Children are ten and twelve.
He has been in and out of their lives since leaving these last three years.
He has been unpleasant and inconsistant in contact.
He does not seem to want to see them alone and wants to share contact. When he is with others he is model dad showing off, when alone with them he is rubbish and ignores them and lies to them and twists things etc.
Currently it is ok as his bad behaviour means they do not want to see him, after he did not show up so many times for contact and he lied to the court regarding that also, thankfully I had evidence we were there. Yes he did not want to see his kids, and walked in and out of their lives, and lied to the court and said I would not let him see them, that old chestnut, when I was crying on the phone begging him to see htem etc.
What is worrying me is that he will want to see them again, and he will pull the wool over their eyes and hurt them and make them ill with his mental illness etc.

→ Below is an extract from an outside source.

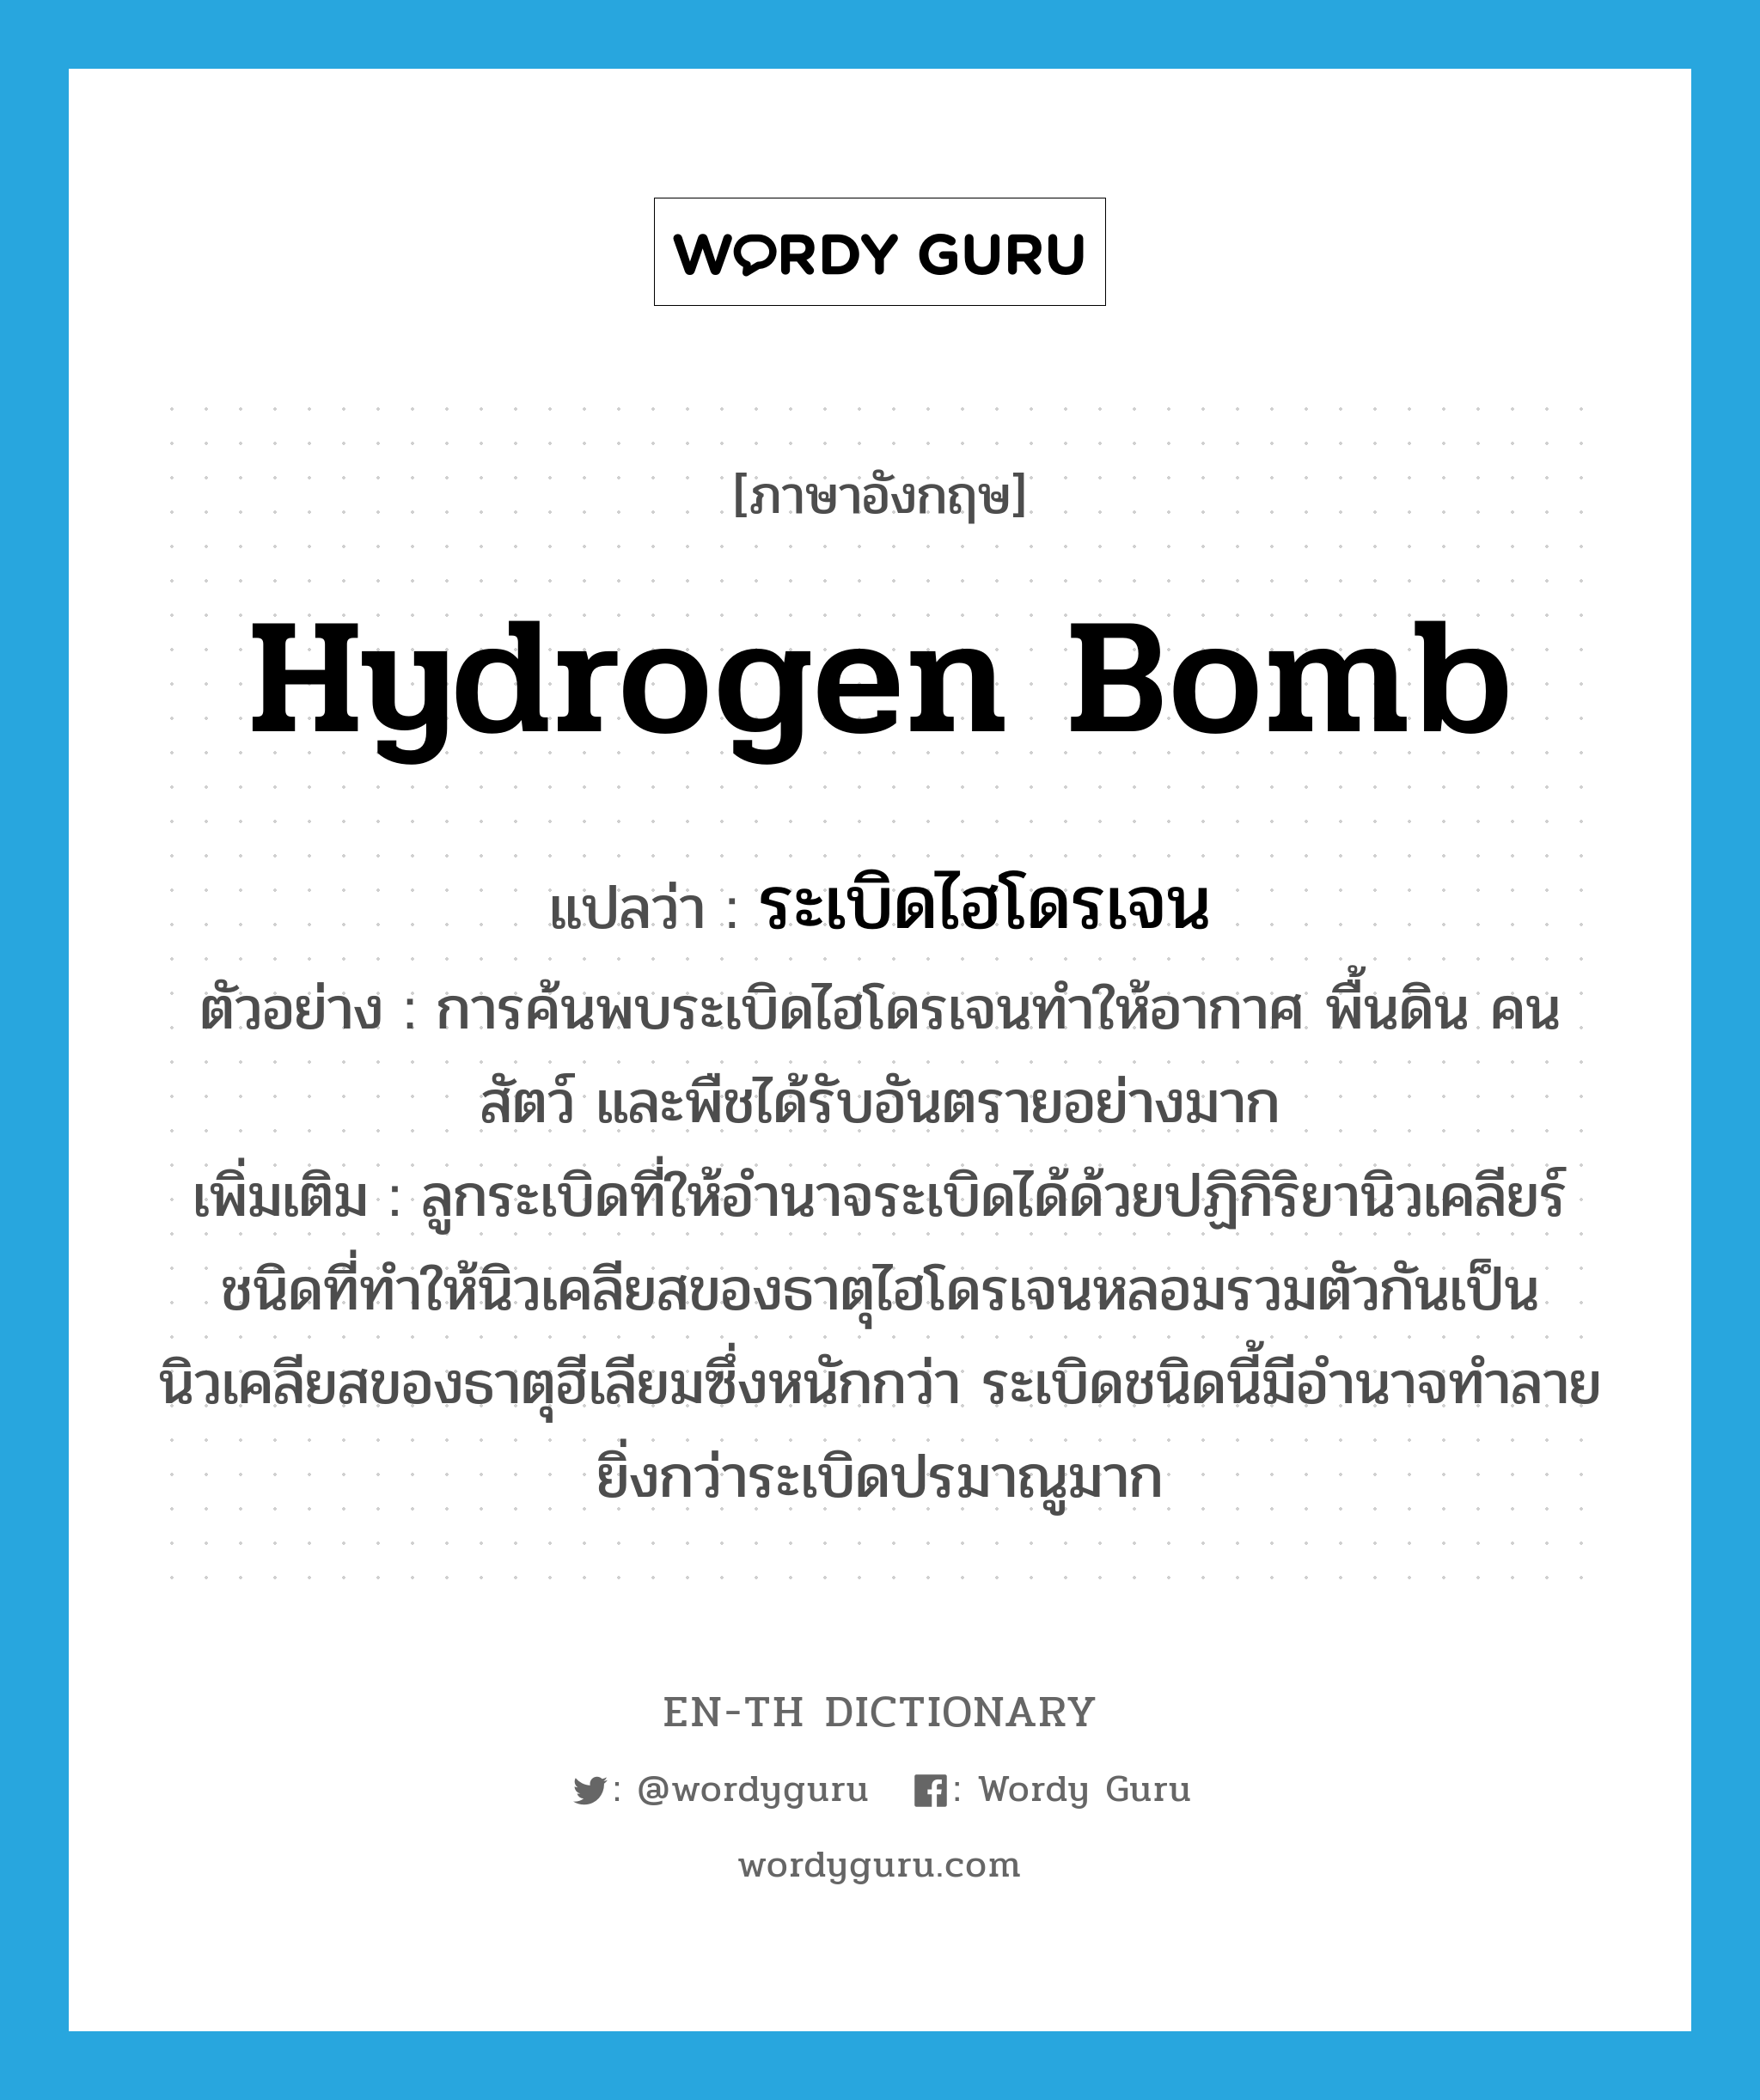 ระเบิดไฮโดรเจน ภาษาอังกฤษ?, คำศัพท์ภาษาอังกฤษ ระเบิดไฮโดรเจน แปลว่า hydrogen bomb ประเภท N ตัวอย่าง การค้นพบระเบิดไฮโดรเจนทำให้อากาศ พื้นดิน คน สัตว์ และพืชได้รับอันตรายอย่างมาก เพิ่มเติม ลูกระเบิดที่ให้อำนาจระเบิดได้ด้วยปฏิกิริยานิวเคลียร์ชนิดที่ทำให้นิวเคลียสของธาตุไฮโดรเจนหลอมรวมตัวกันเป็นนิวเคลียสของธาตุฮีเลียมซึ่งหนักกว่า ระเบิดชนิดนี้มีอำนาจทำลายยิ่งกว่าระเบิดปรมาณูมาก หมวด N
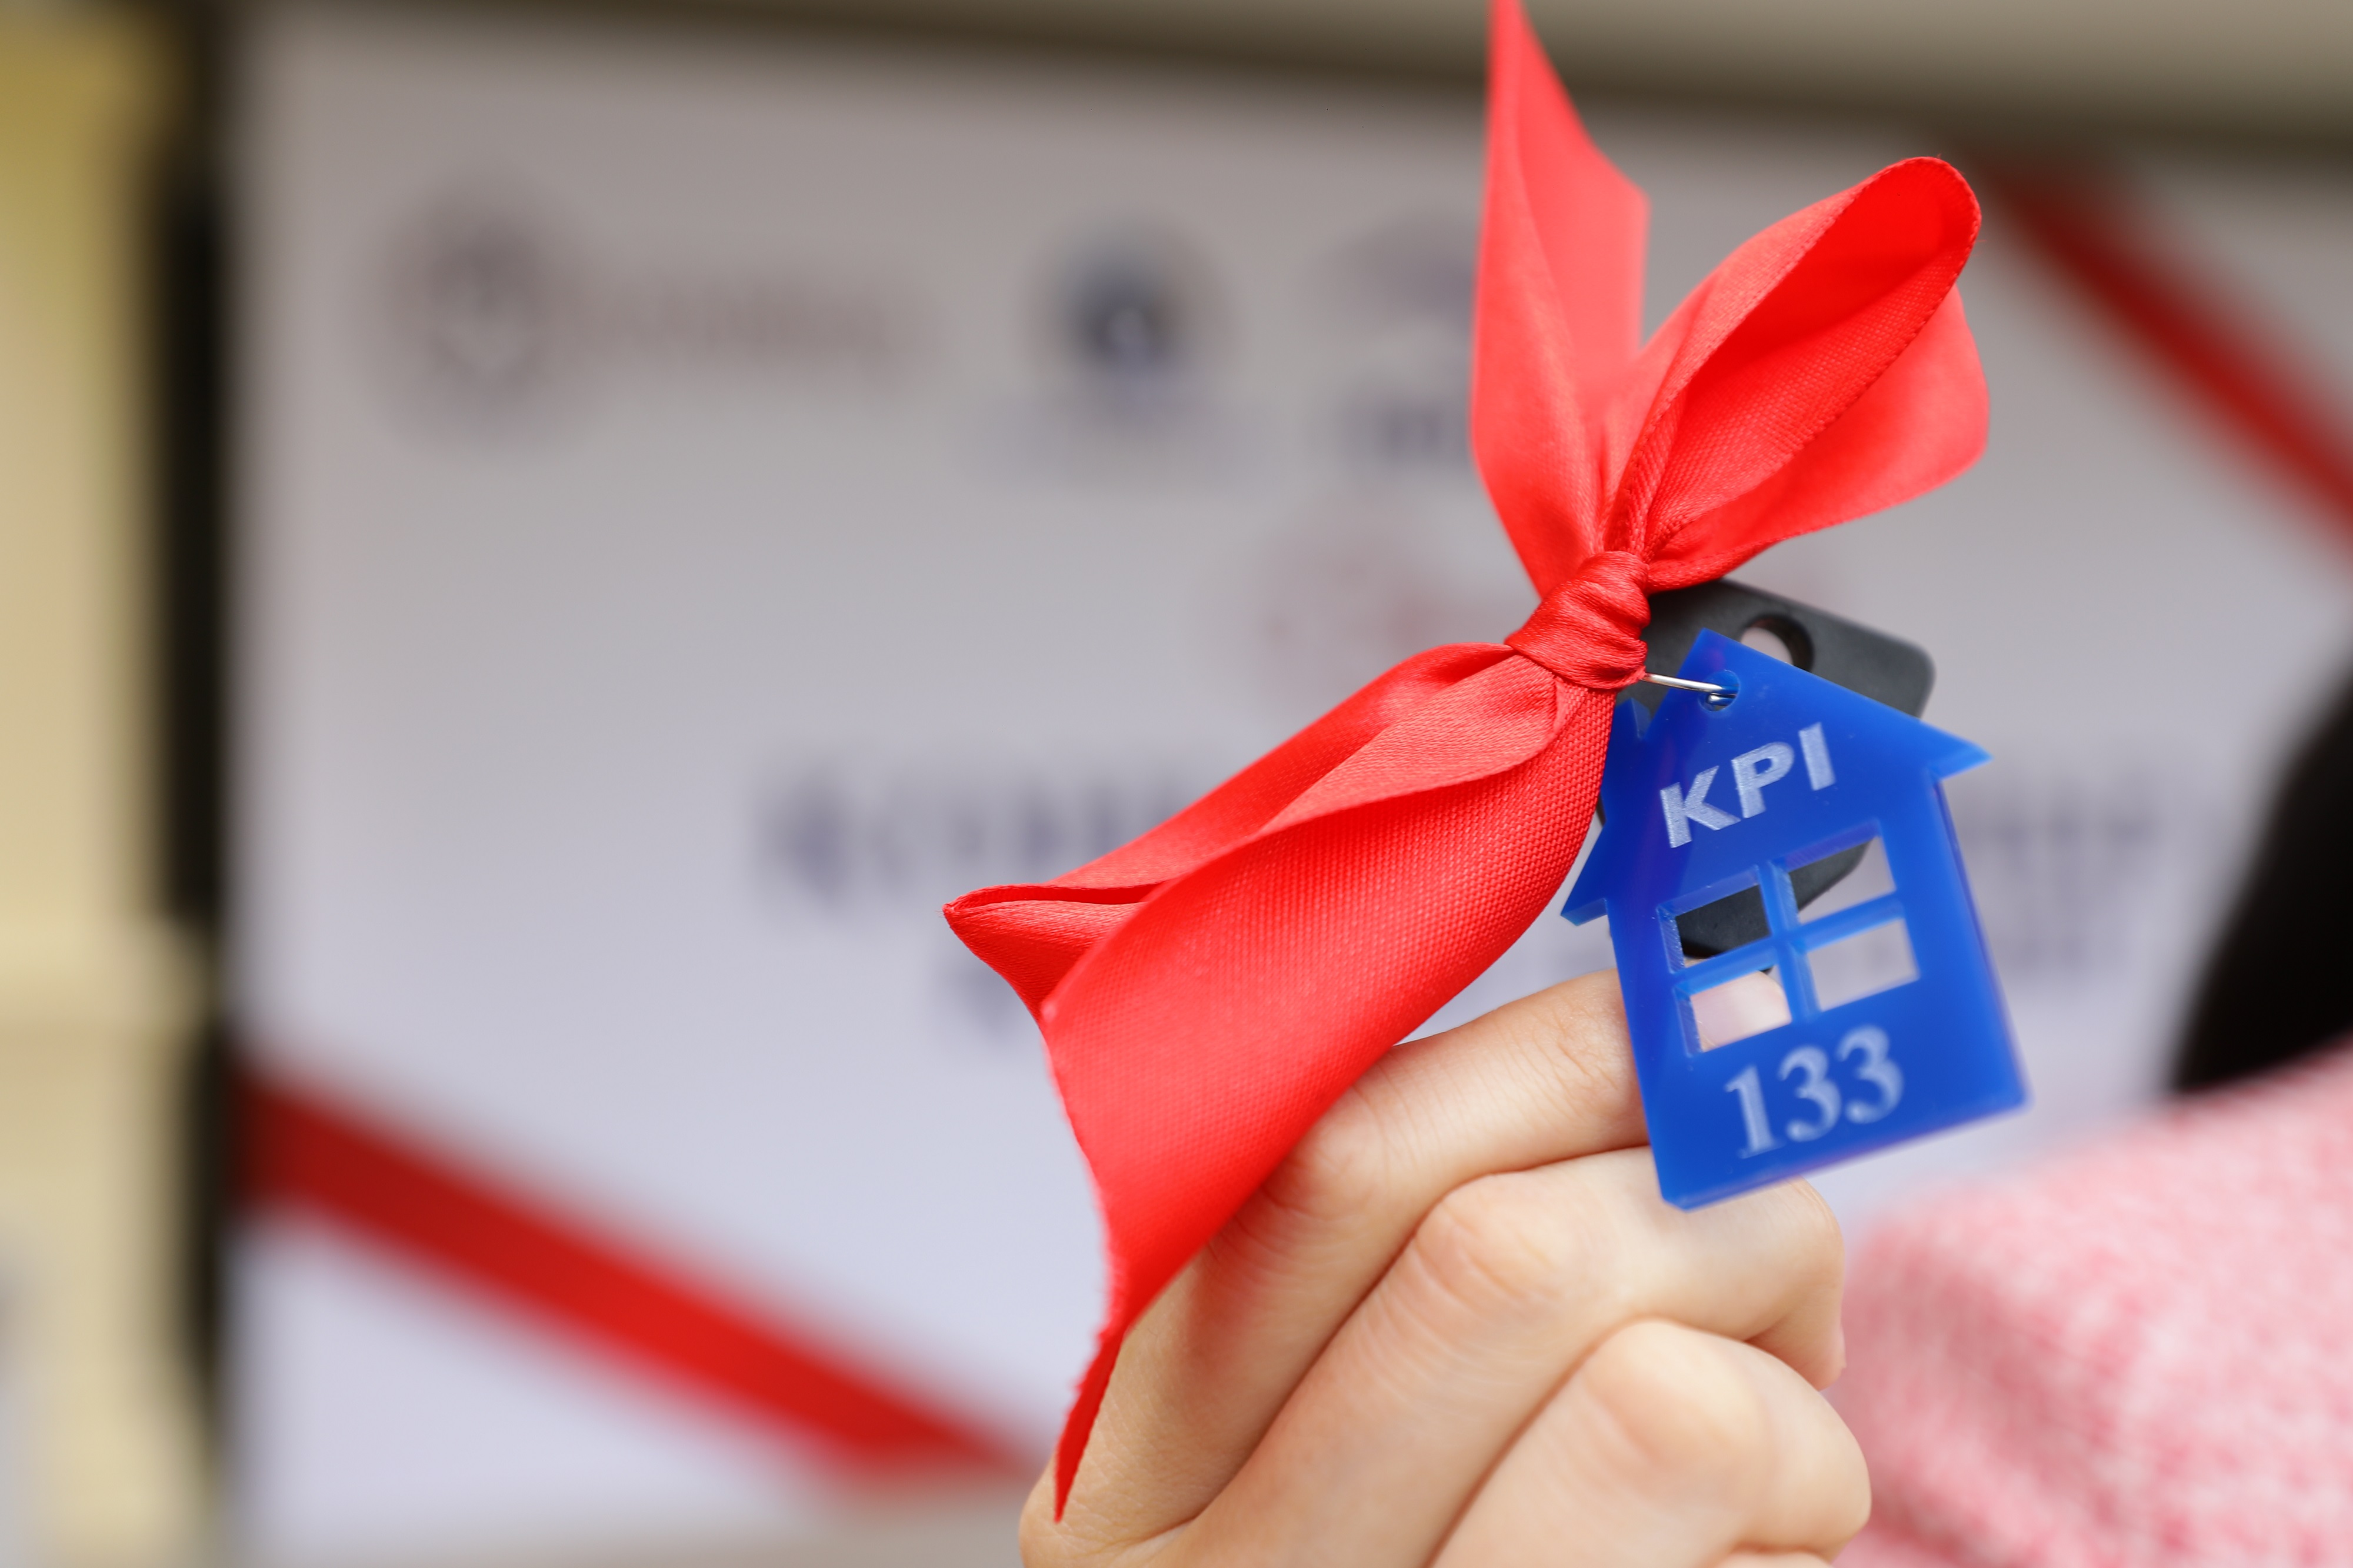 Работники ТОО «KPI Inc.» получили ключи от квартир по льготной программе

What do you do for the best in these circumstances.
We are all currently ignoring him and he is not asking me about kids, not seen them for six months and only sent them one card in that time.
We are going through court re finances, yes he lies here also to courts, and you can guess who started off all the cases!
He only wants to speak when it suits him and way that suits him with loads of rules as usual, CONTROL, and he has never asked about his kids in emails or in person at court.
I understand he does not feel love as normal folks like we do, it is still odd to understand really.
I just want to get some idea's off people as to what I can do to protect my kids.
Also I am little worried that youngest may be subsetpable to npd, as she has traits etc, how can you hlep them have proper emotions, when they are still young?